### Problem to work on
Pictures in the material below are to be left out, and only the lines from the line with "4. Single Family" up to and including the line with "Poly Cotton Garage Shirt in Charcoal/Black" are to be written out exactly.

### Data in this exercise

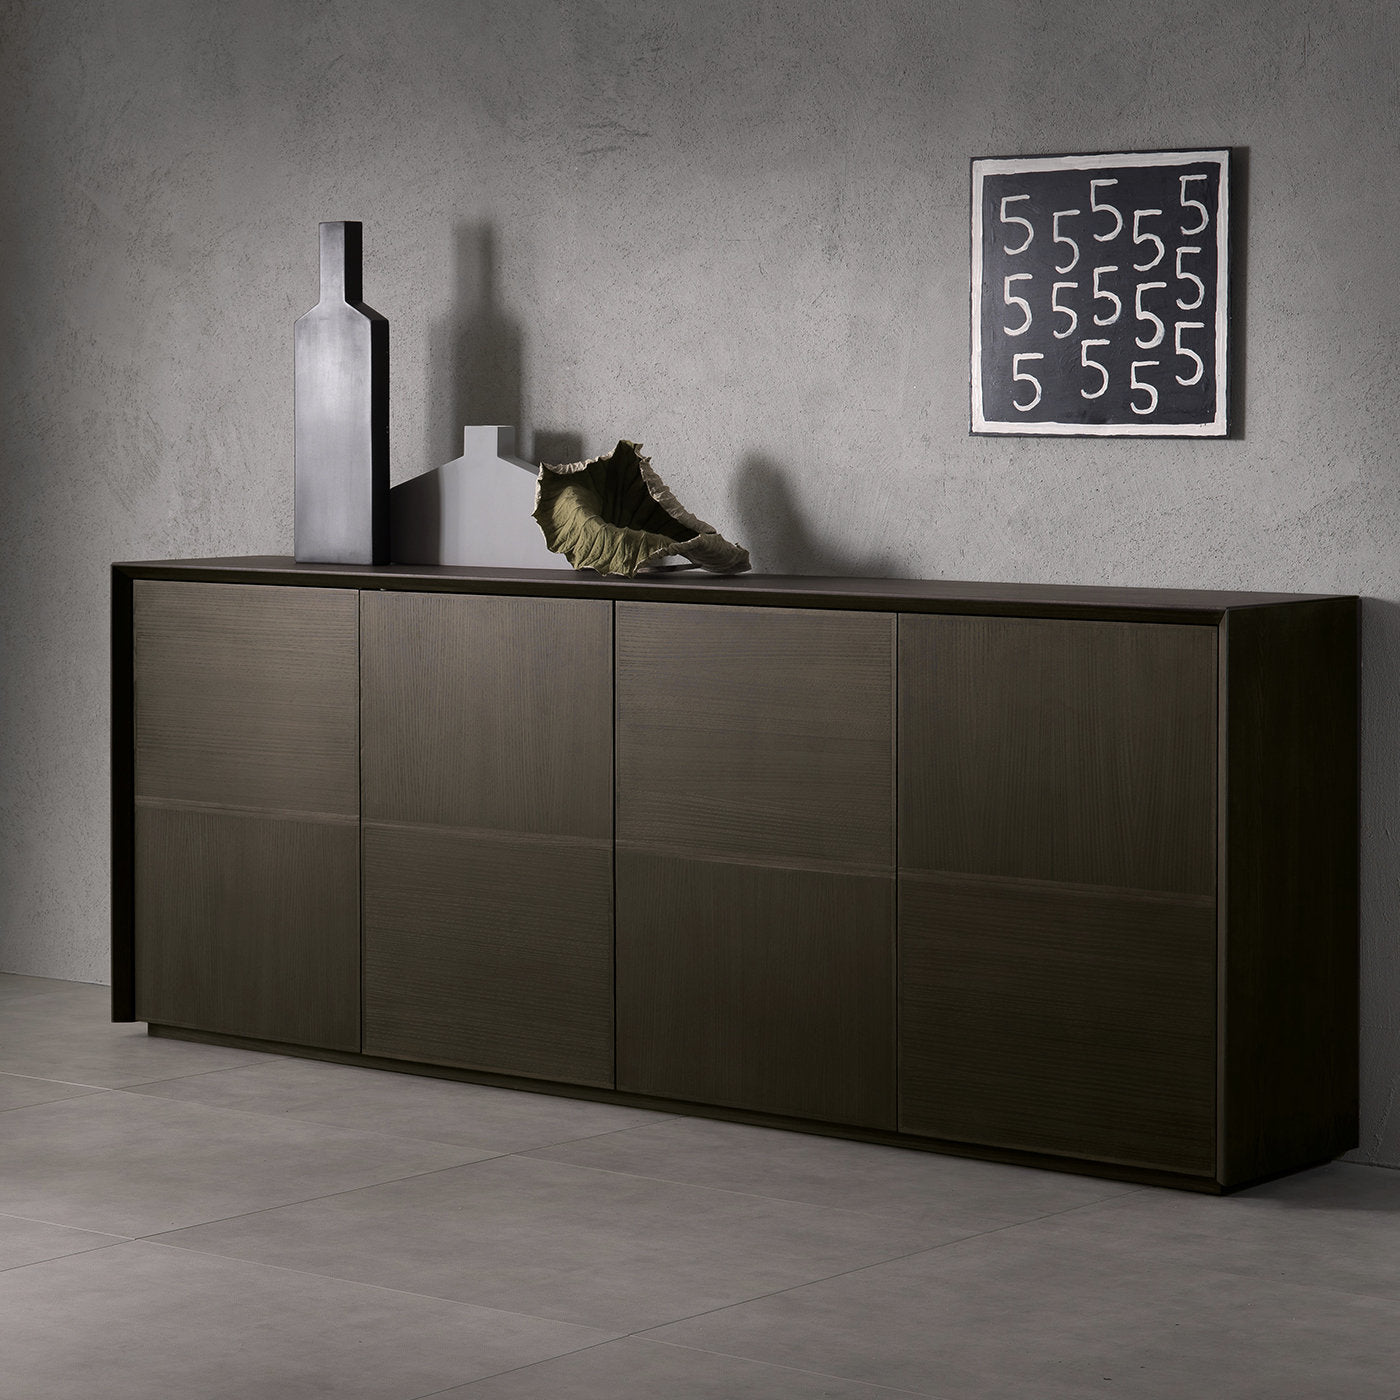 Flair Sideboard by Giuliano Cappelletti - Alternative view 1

==

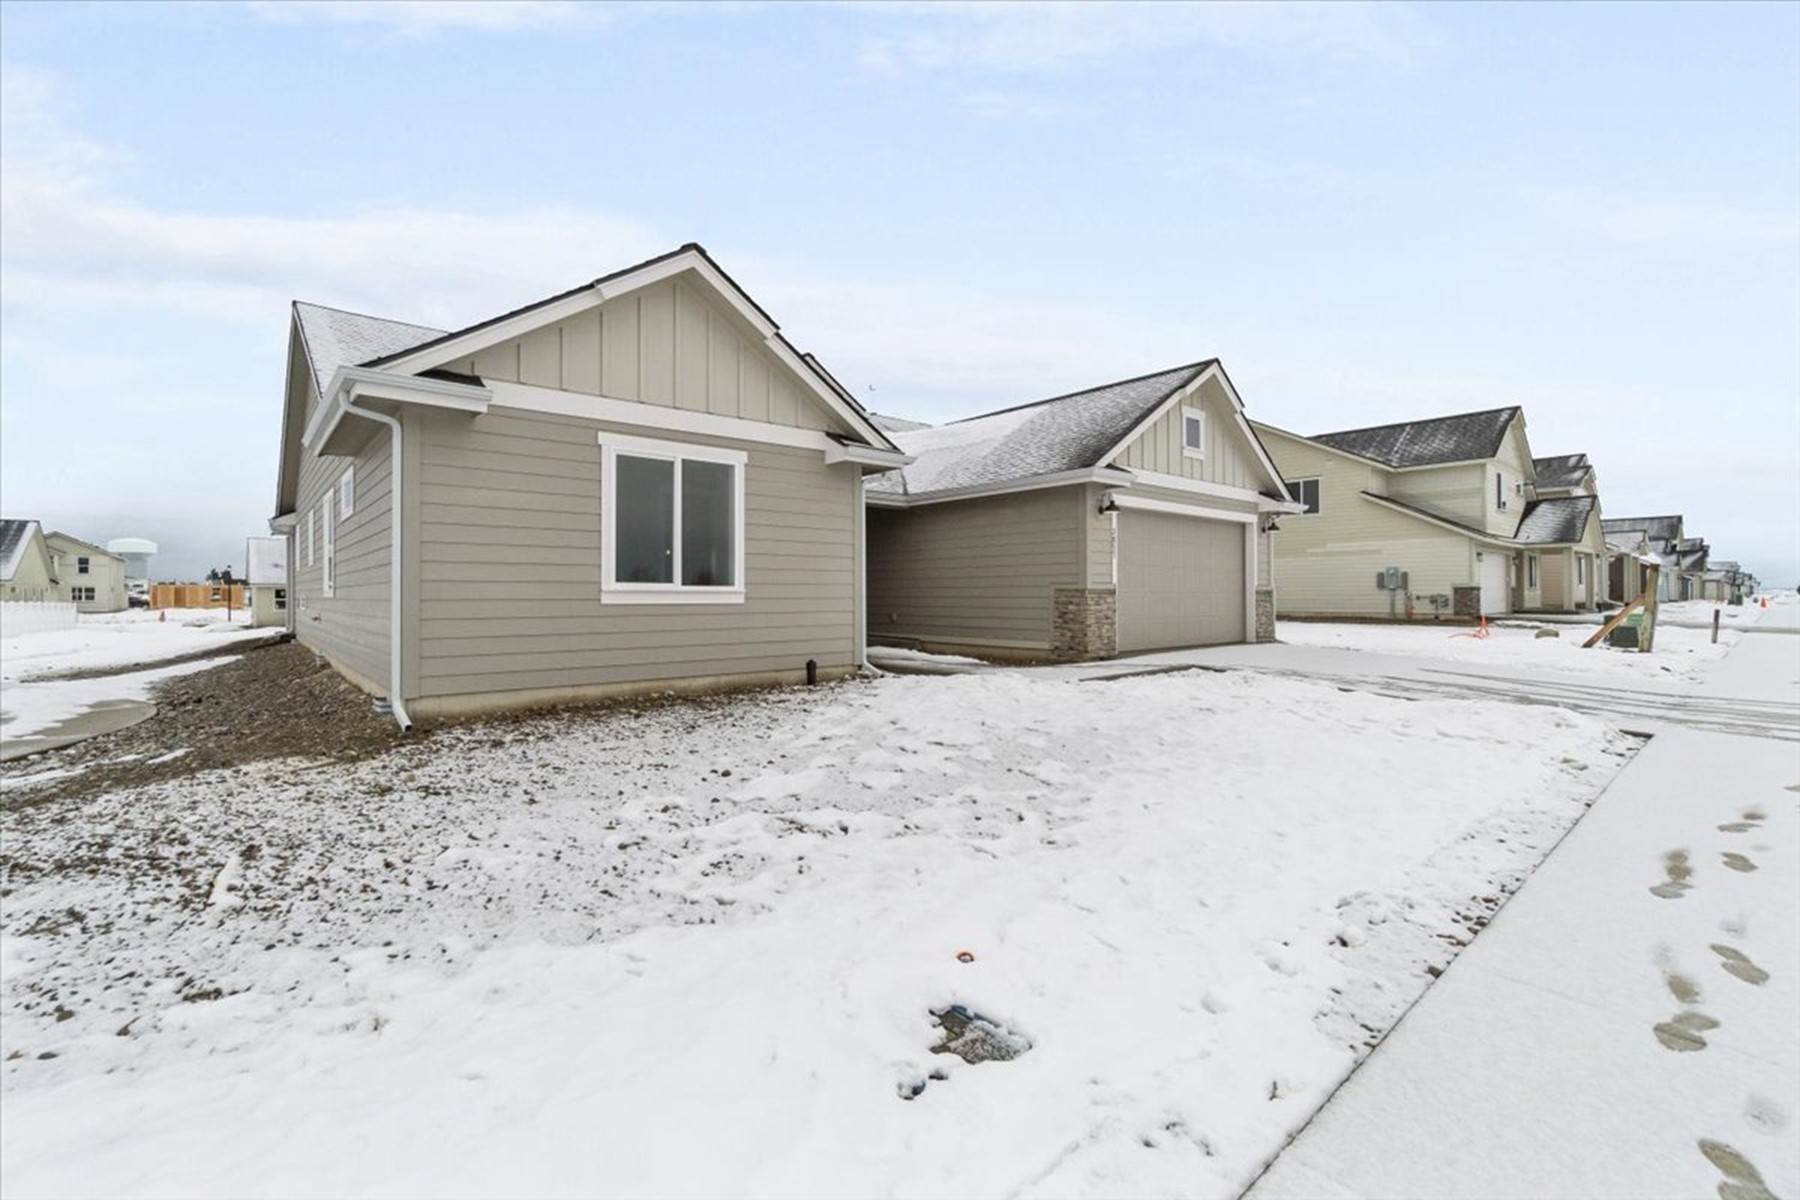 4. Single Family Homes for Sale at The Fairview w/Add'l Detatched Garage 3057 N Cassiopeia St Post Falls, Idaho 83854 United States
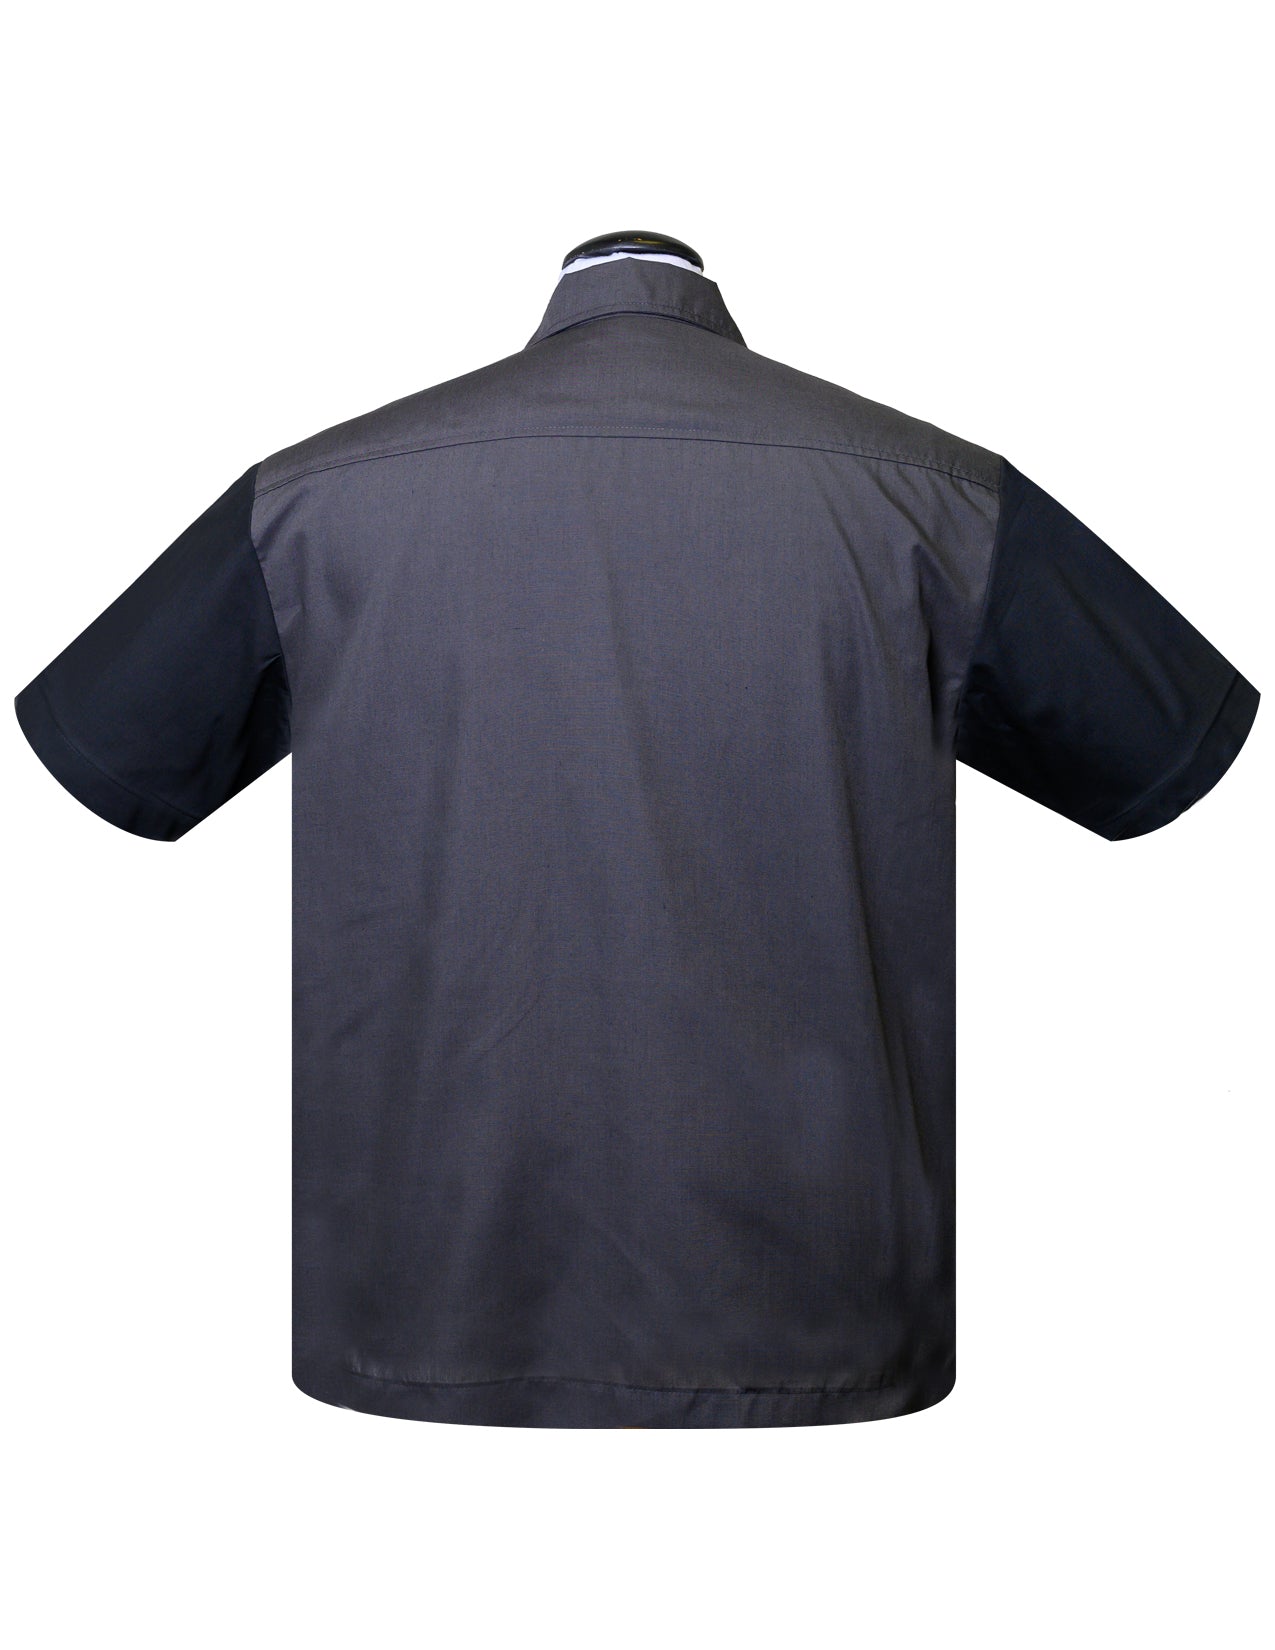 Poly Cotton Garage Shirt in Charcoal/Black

### Answer space
 4. Single Family Homes for Sale at The Fairview w/Add'l Detatched Garage 3057 N Cassiopeia St Post Falls, Idaho 83854 United States
 Poly Cotton Garage Shirt in Charcoal/Black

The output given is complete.